There are a number of different types of array comparison that have popped up in a number of places depending on the exact needs of the test:

@zeroshade's utility in cudf (I believe this is something like Arrow C++'s "Equal" in that it non-equal buffer values in null slots are still considered equal)

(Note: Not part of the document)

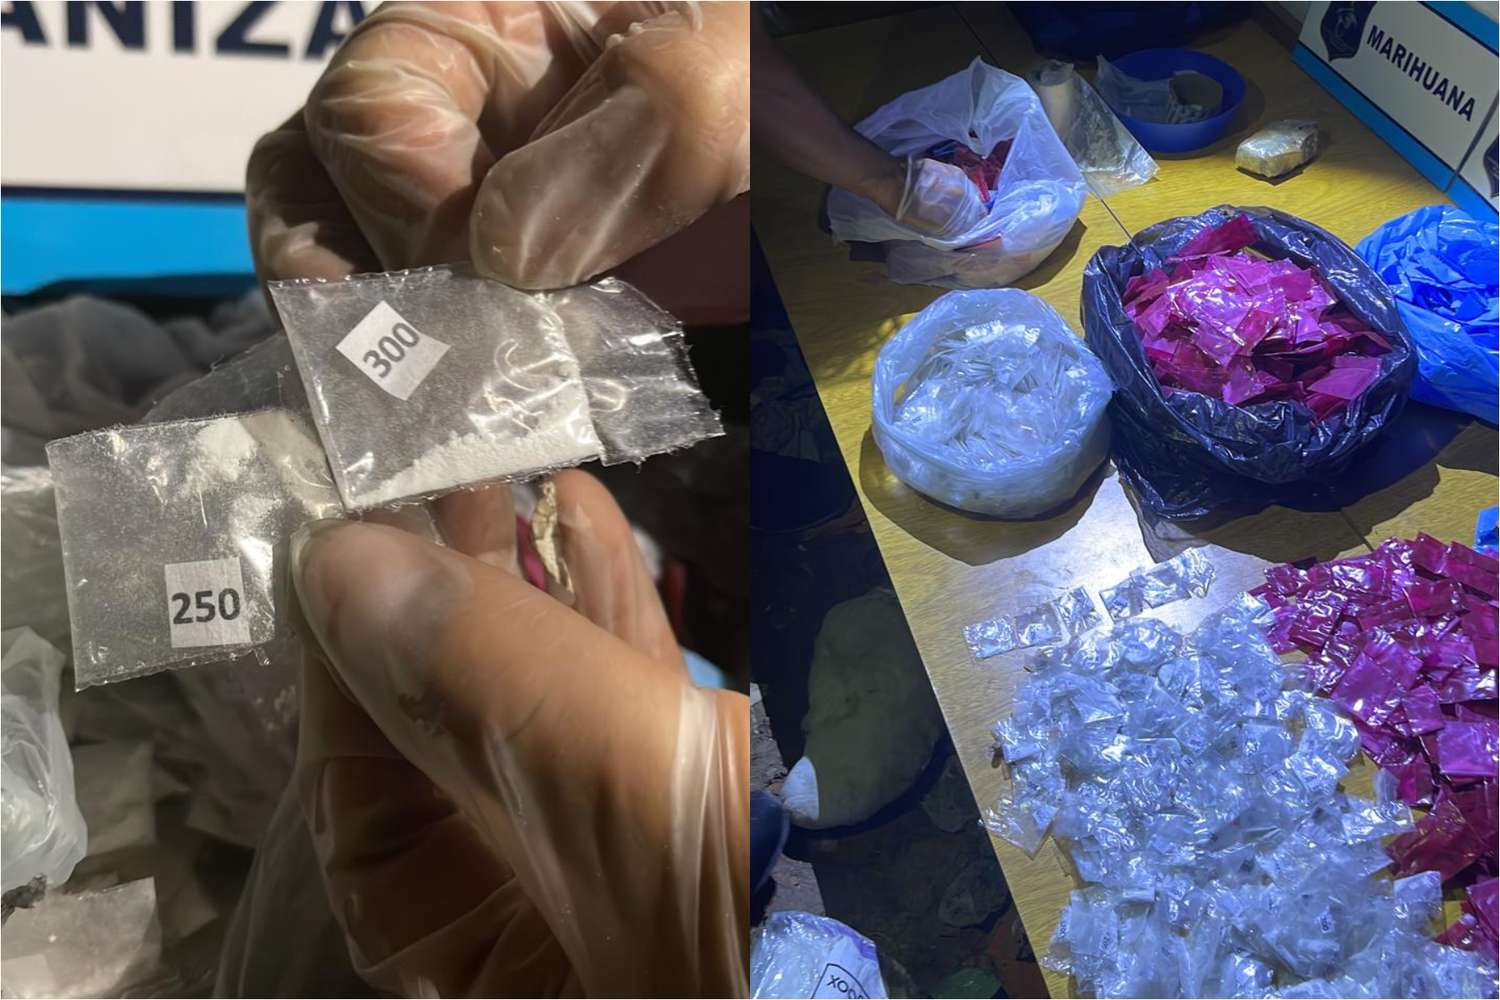 Cocaína “envenenada”: la alerta epidemiológica también llegó a San Pedro

https://github.com/rapidsai/cudf/blob/af57286536fc21b47b80e45be222773b751600c9/cpp/tests/interop/to_arrow_host_test.cpp#L45-L210

@bkietz's Matcher to support IPC batch roundtrip testing:

struct ArrowArrayViewEqualTo {
  const struct ArrowArrayView* expected;

  using is_gtest_matcher = void;

  bool MatchAndExplain(const struct ArrowArrayView* actual, std::ostream* os) const {
    return MatchAndExplain({}, actual, expected, os);
  }

  static bool MatchAndExplain(std::vector<int> field_path,
                              const struct ArrowArrayView* actual,
                              const struct ArrowArrayView* expected, std::ostream* os) {
    auto prefixed = [&]() -> std::ostream& {
      if (!field_path.empty()) {
        for (int i : field_path) {
          *os << "." << i;
        }
        *os << ":";
      }
      return *os;
    };

    NANOARROW_DCHECK(actual->offset == 0);
    NANOARROW_DCHECK(expected->offset == 0);

    if (actual->length != expected->length) {
      prefixed() << "expected length=" << expected->length << "\n";
      prefixed() << "  actual length=" << actual->length << "\n";
      return false;
    }

    auto null_count = [](const struct ArrowArrayView* a) {
      return a->null_count != -1 ? a->null_count : ArrowArrayViewComputeNullCount(a);
    };
    if (null_count(actual) != null_count(expected)) {
      prefixed() << "expected null_count=" << null_count(expected) << "\n";
      prefixed() << "  actual null_count=" << null_count(actual) << "\n";
      return false;
    }

    for (int64_t i = 0; actual->layout.buffer_type[i] != NANOARROW_BUFFER_TYPE_NONE &&
                        i < NANOARROW_MAX_FIXED_BUFFERS;
         ++i) {
      auto a_buf = actual->buffer_views[i];
      auto e_buf = expected->buffer_views[i];
      if (a_buf.size_bytes != e_buf.size_bytes) {
        prefixed() << "expected buffer[" << i << "].size=" << e_buf.size_bytes << "\n";
        prefixed() << "  actual buffer[" << i << "].size=" << a_buf.size_bytes << "\n";
        return false;
      }
      if (memcmp(a_buf.data.data, e_buf.data.data, a_buf.size_bytes) != 0) {
        prefixed() << "expected buffer[" << i << "]'s data to match\n";
        return false;
      }
    }

    field_path.push_back(0);
    for (int64_t i = 0; i < actual->n_children; ++i) {
      field_path.back() = i;
      if (!MatchAndExplain(field_path, actual->children[i], expected->children[i], os)) {
        return false;
      }
    }
    return true;
  }

  void DescribeTo(std::ostream* os) const { *os << "is equivalent to the array view"; }
  void DescribeNegationTo(std::ostream* os) const {
    *os << "is not equivalent to the array view";
  }
};

A utility comparer with probably terrible failure modes I hacked together (also to support IPC batch roundtrip testing):

void AssertArrayViewIdentical(actual, expected) {
  NANOARROW_DCHECK(actual->dictionary != nullptr);
  NANOARROW_DCHECK(expected->dictionary != nullptr);

  ASSERT_EQ(actual->storage_type, expected->storage_type);
  ASSERT_EQ(actual->offset, expected->offset);
  ASSERT_EQ(actual->length, expected->length);
  for (int i = 0; i < 3; i++) {
    auto a_buf = actual->buffer_views[i];
    auto e_buf = expected->buffer_views[i];
    ASSERT_EQ(a_buf.size_bytes,  e_buf->size_bytes);
    if (a_buf.size_bytes != 0) {
      ASSERT_EQ(memcmp(a_buf.data.data, e_buf.data.data, a_buf.size_bytes), 0);
    }
  }

  ASSERT_EQ(actual->n_children, expected->n_children);
  for (int i = 0; i < actual->n_children; i++) {
    AssertArrayViewIdentical(actual->children[i], expected->children[i]);
  }
}

Implementation for the integration tests (based on JSON and so is probably not suitable for arbitrary input).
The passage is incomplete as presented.